# Anti- sieze joint compound or way or machine oil to prevent chucks getting stuck



## ome (Oct 9, 2013)

Hi Guys,
was wondering  what would work better anti sieze joint compound or oil
thanks,
jon


----------



## rafe (Oct 9, 2013)

ome said:


> Hi Guys,
> was wondering  what would work better anti sieze joint compound or oil
> thanks,
> jon



When I got my lathe it was a challange to get the chuck off. The advice that worked for me ...and it is a conglomeration from a number of sources is.....Clean the threads on both spindle and chuck, use a light oil  and probably the most important gently tighten the chuck DON'T slam it on....when I use this procedure it comes back off by hand.....I tried anti-sieze early on and It may not have siezed but it stuck...


----------



## ome (Oct 9, 2013)

rafe said:


> When I got my lathe it was a challange to get the chuck off. The advice that worked for me ...and it is a conglomeration from a number of sources is.....Clean the threads on both spindle and chuck, use a light oil  and probably the most important gently tighten the chuck DON'T slam it on....when I use this procedure it comes back off by hand.....I tried anti-sieze early on and It may not have siezed but it stuck...


Thanks ,
do you think 10wt machine oil will work better than a 20 wt way oil?

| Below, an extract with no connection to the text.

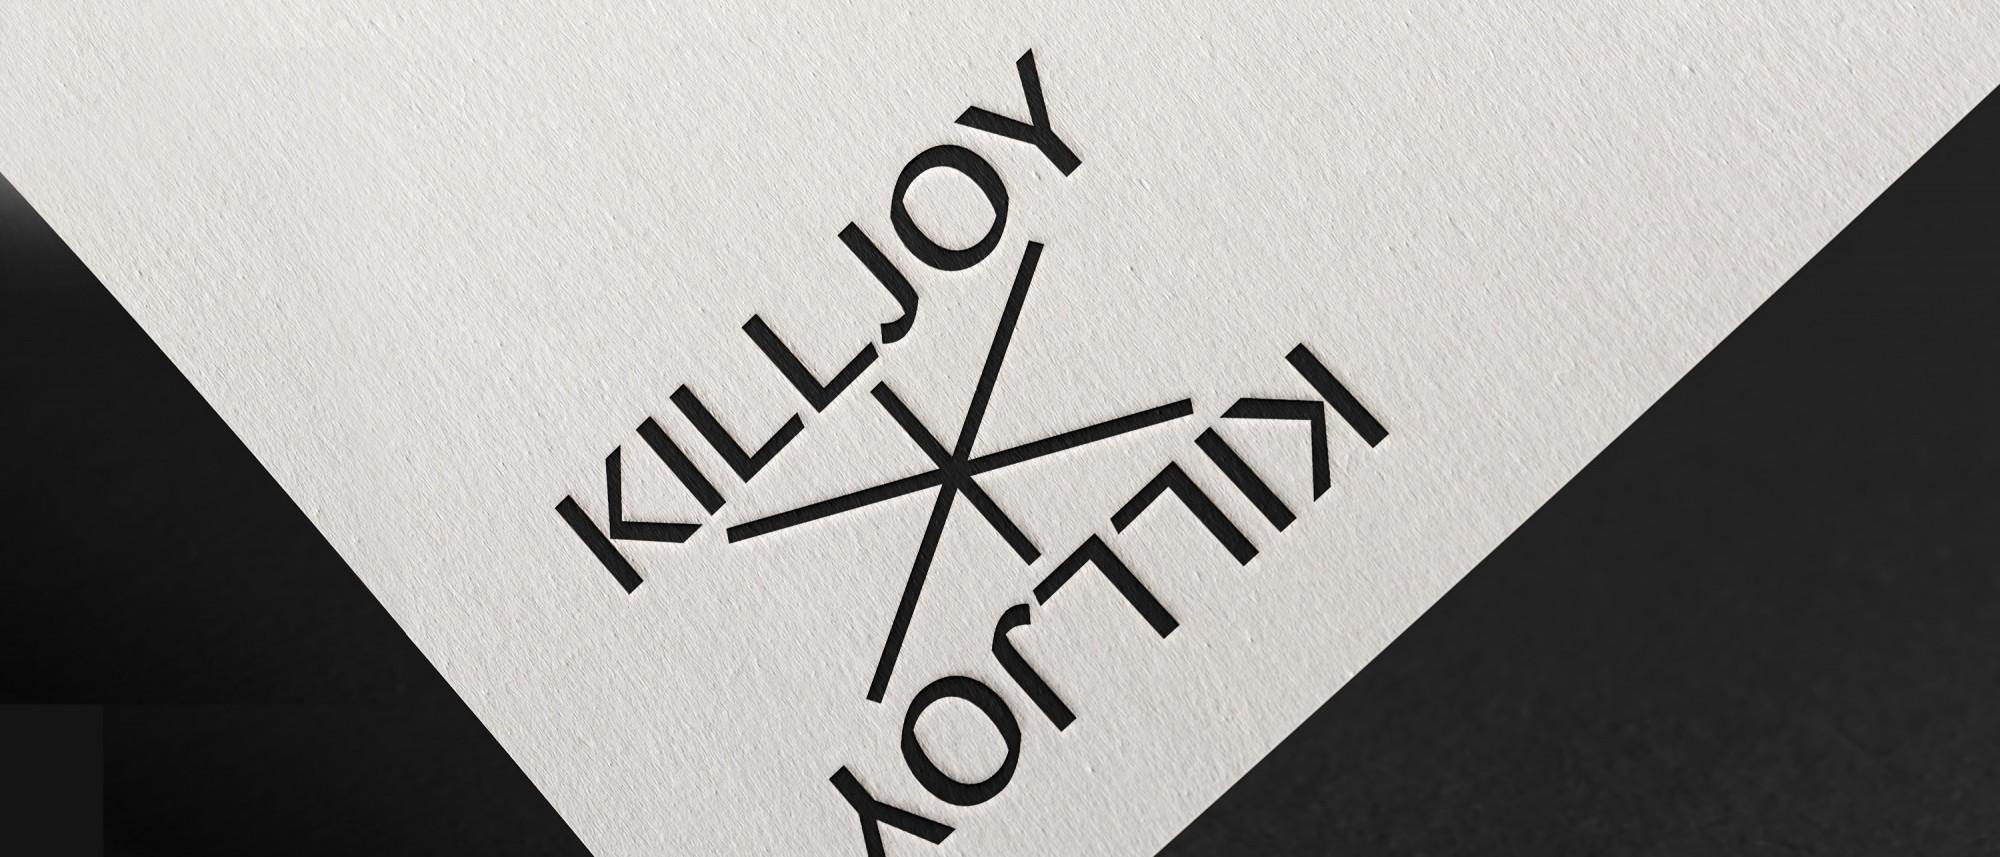 - killjoy-mockup-paper-21-9.jpg
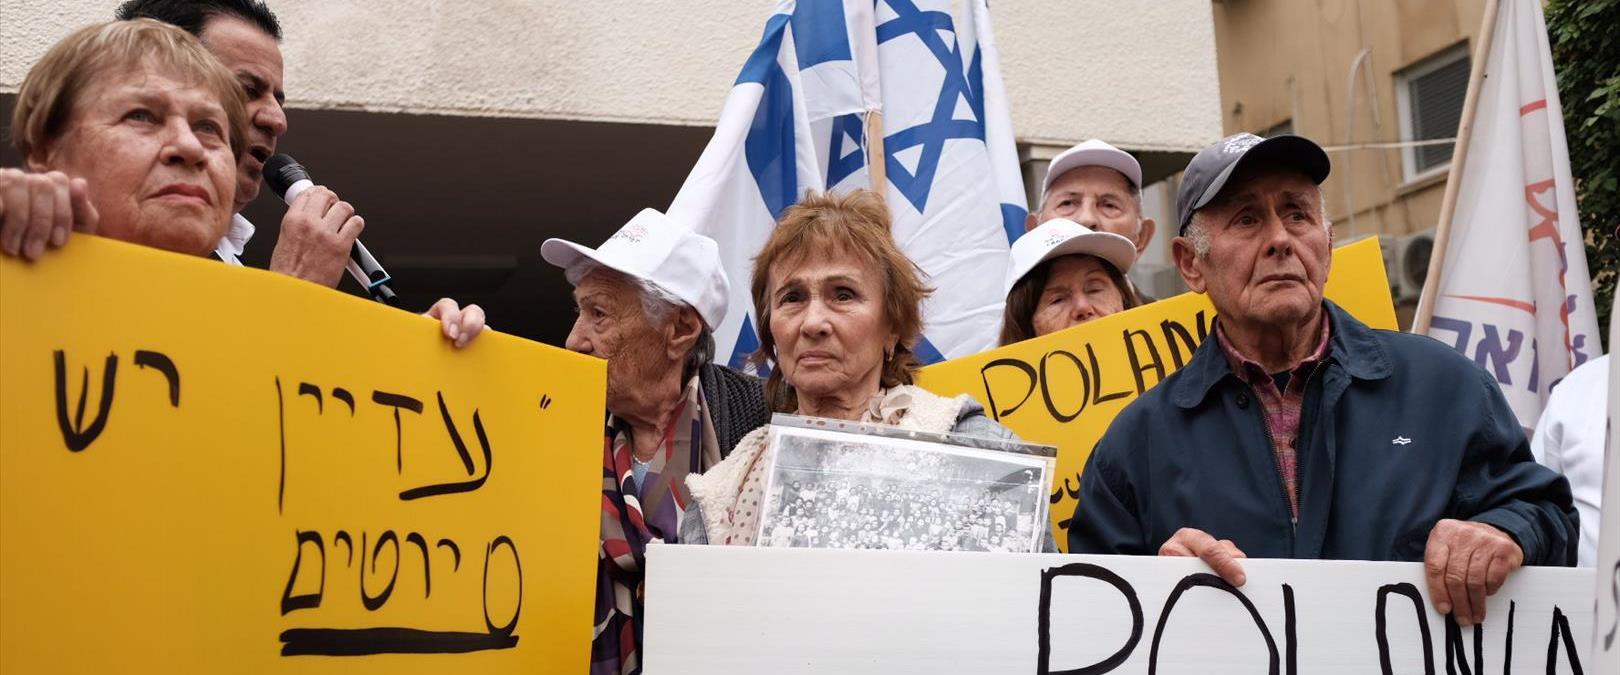 הפגנה מחוץ לשגרירות פולין, 2018

and i probably did slam it too hard be ause someone on the forum suggested to hear a "clank" to know its all the way on. 
Thanks,

jon


----------



## itsme_Bernie (Oct 9, 2013)

Oh gosh!  A clank means it's probably stuck!  Hah hah

Anti seize will be quite a mess after a few times taking off and putting it on.  And it will leave the spindle a mess too.  I wouldn't do it.  

Make a thread cleaner out of a piece of 4, or 10, or 12 guage wire and run it through the threads of your chucks:




How do the threads on the spindle look?


Bernie


----------



## rafe (Oct 10, 2013)

ome said:


> Thanks ,
> do you think 10wt machine oil will work better than a 20 wt way oil?
> 
> 
> ...



I use the 10wt,   way oil might work too, 3 in 1 is ok....just snug it up no clang for me


----------



## zman (Oct 10, 2013)

For that sort of thing I like to use a good teflon spray dry lube. Goes on wet, dries quickly to a thin film that doesn't attract dust or dirt.


----------



## dirty tools (Oct 10, 2013)

anti-size has metal in it.
use oil it is lighter and does not make a mess.


----------



## ome (Oct 11, 2013)

itsme_Bernie said:


> Oh gosh!  A clank means it's probably stuck!  Hah hah
> 
> Anti seize will be quite a mess after a few times taking off and putting it on.  And it will leave the spindle a mess too.  I wouldn't do it.
> 
> ...


Thanks Bernie, after getting the chuck plate off i looked at the spindle and it looked real clean , no chips ,and the threads on the back plate are new..
What do you do with that cleaner, run at back gears slow.

Thanks,
Jon


----------